Soft magnets (low coercivity) are used as cores in transformers and electromagnets. The response of the magnetic moment to a magnetic field boosts the response of the coil wrapped around it. Low coercivity reduces that energy loss associated with hysteresis.

Magnetic hysteresis material (soft nickel-iron rods) has been used in damping the angular motion of satellites in low Earth orbit since the dawn of the space age.

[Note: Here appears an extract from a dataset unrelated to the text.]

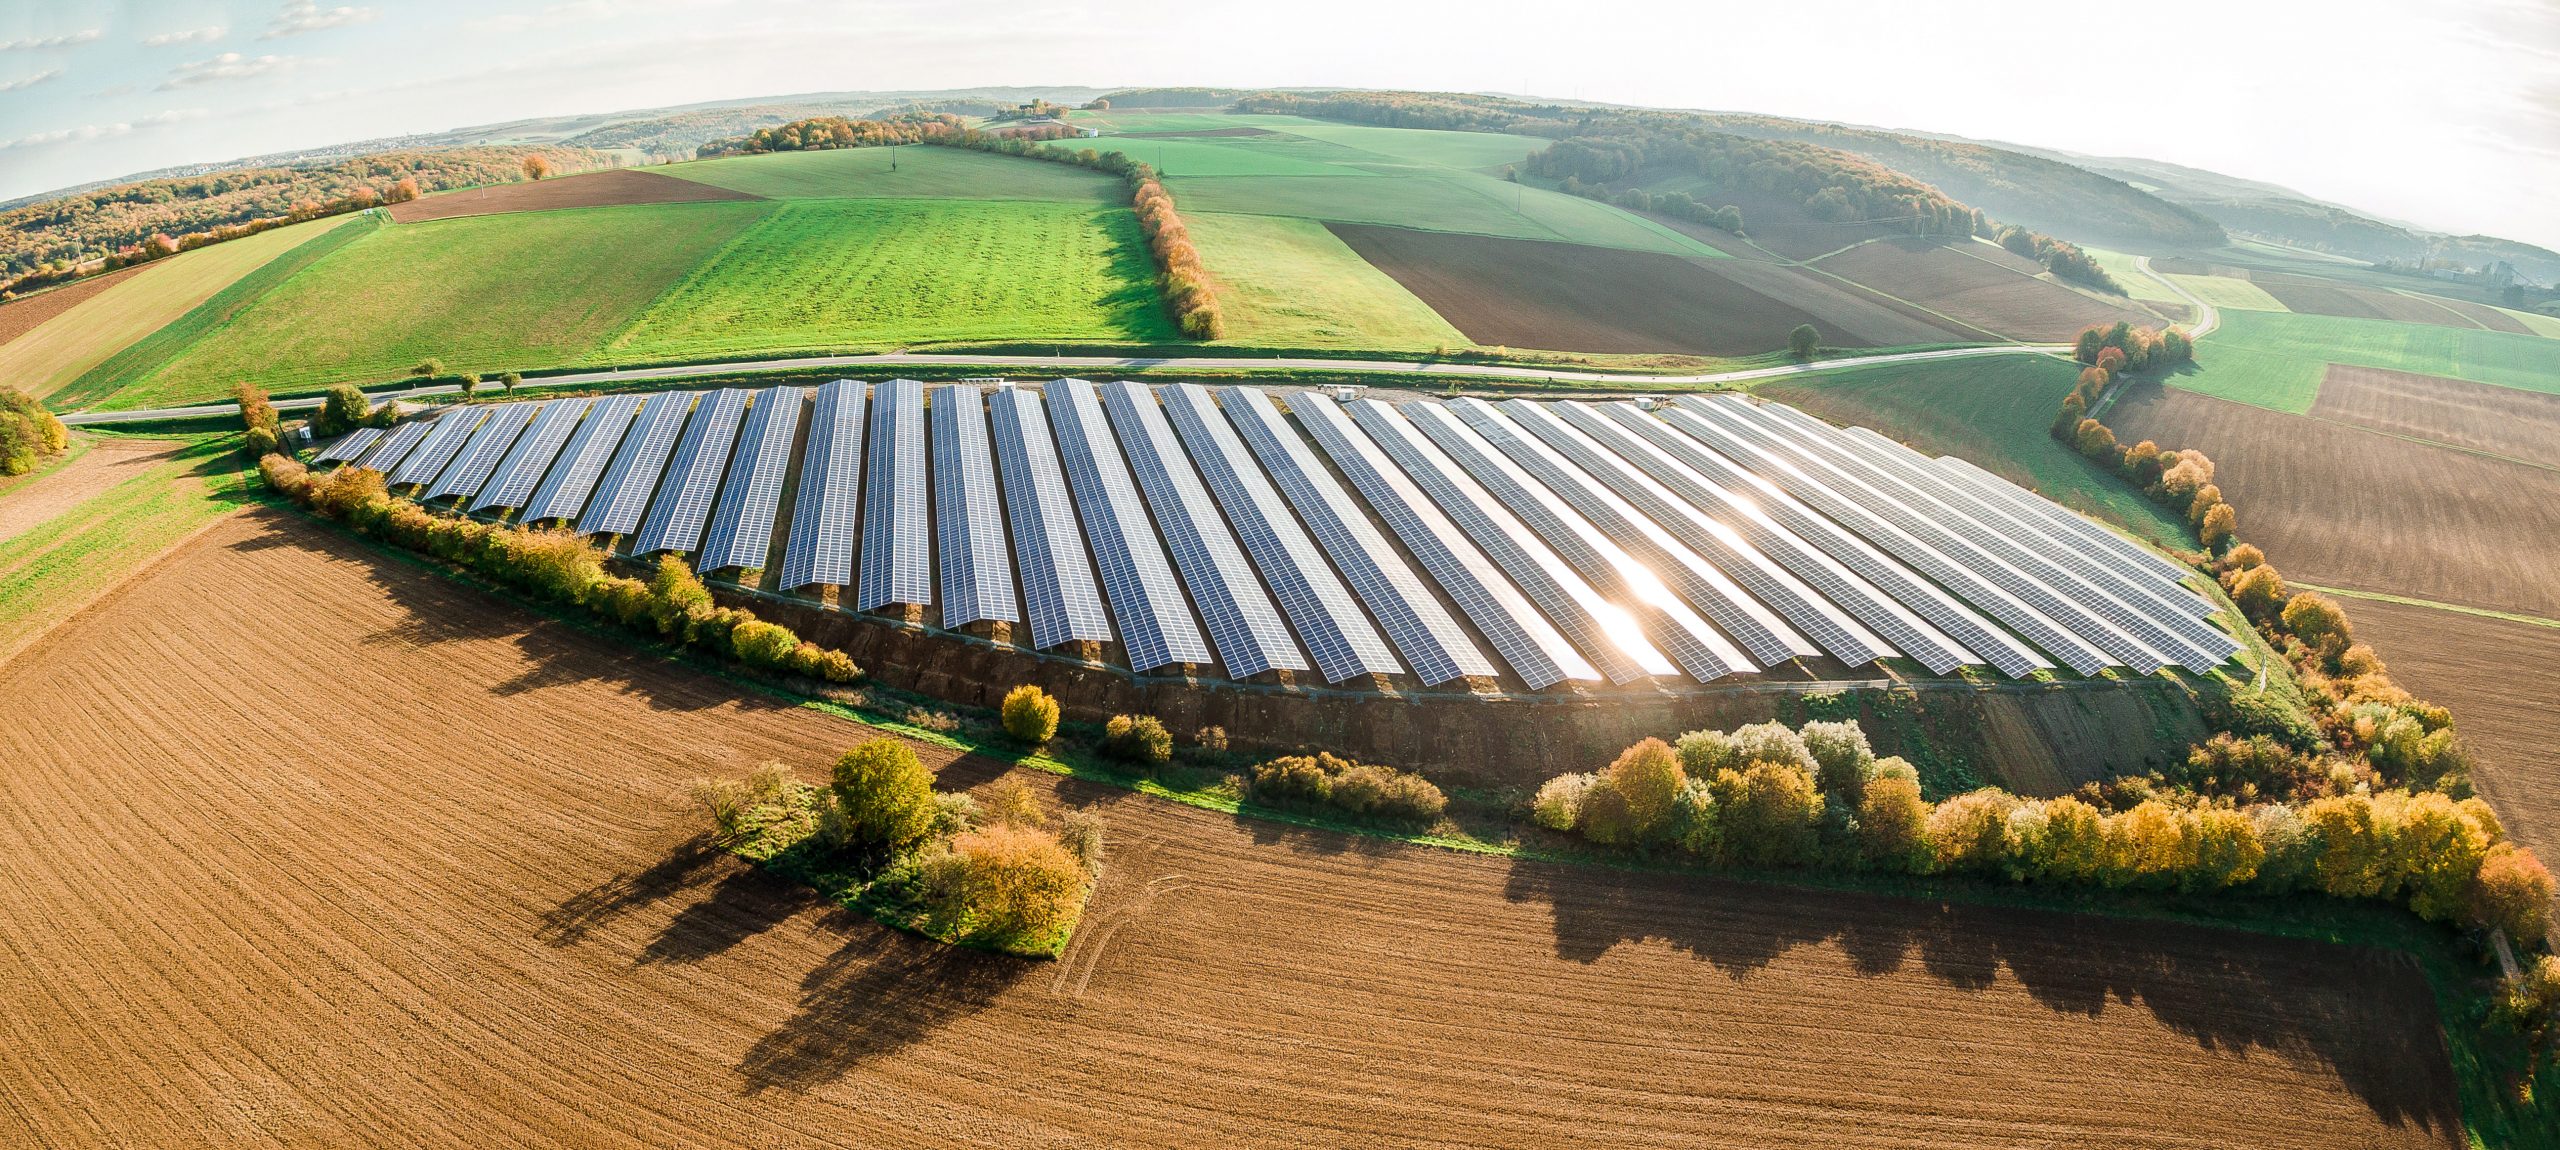 Solarpark Photovoltaik Freifläche Würzburg

The magnetic hysteresis curve is the basis for providing the BH relationship in d.c. electromagnet modeling software. The initial, first quadrant curve from H=0 up to saturation provides this data. It must be noted that the hysteresis curve measurement process contains the test sample within a closed magnetic circuit which maximizes the sample's residual flux and the resulting wide hysteresis area. When the same steel is used in an electromagnet the magnetic circuit is discontinuous due to the variable working air gap between the plunger and pole piece. This greatly reduces the remanent magnetism otherwise produced. And, if the working air gap completely closes, then upon reopening the remanent flux is lost. This allows the repeatable force/stroke characteristics inherent in a solenoid actuator and the BH data provided by the forementioned curve allows the prediction of the solenoid forces over its stroke range. The modeling software may use an equation of this curve or specific data points and interpolation to provide continuous data.